● Work order:
Scan the records below for the word "Control". Copy each line where it appears.

● Working data:
○ ○ ○ ○ ○
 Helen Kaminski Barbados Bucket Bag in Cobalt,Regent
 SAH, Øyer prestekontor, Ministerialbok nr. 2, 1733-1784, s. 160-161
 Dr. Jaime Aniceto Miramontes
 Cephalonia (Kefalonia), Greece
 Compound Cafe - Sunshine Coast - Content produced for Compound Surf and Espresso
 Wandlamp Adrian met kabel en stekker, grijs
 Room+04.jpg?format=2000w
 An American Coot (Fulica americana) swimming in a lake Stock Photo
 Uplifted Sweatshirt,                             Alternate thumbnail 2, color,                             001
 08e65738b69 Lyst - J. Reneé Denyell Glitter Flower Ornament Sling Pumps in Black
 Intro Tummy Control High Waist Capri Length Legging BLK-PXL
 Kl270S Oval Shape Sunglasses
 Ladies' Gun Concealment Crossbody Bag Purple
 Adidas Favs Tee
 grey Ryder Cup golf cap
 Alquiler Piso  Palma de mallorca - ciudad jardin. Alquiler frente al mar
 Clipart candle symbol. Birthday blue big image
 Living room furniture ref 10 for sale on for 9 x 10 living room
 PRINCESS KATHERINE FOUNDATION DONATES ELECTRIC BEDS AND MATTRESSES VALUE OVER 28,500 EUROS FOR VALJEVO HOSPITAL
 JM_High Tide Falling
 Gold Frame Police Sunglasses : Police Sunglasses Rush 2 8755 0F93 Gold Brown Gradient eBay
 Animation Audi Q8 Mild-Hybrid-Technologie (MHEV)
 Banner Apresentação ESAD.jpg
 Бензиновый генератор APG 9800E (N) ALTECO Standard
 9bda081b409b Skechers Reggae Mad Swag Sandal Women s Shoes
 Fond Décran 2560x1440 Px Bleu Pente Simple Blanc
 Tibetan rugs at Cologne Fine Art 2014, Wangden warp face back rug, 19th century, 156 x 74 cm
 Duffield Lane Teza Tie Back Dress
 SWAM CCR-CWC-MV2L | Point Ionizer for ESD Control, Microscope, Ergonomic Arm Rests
○ ○ ○ ○ ○
● Answer to this task:
 Intro Tummy Control High Waist Capri Length Legging BLK-PXL
 SWAM CCR-CWC-MV2L | Point Ionizer for ESD Control, Microscope, Ergonomic Arm Rests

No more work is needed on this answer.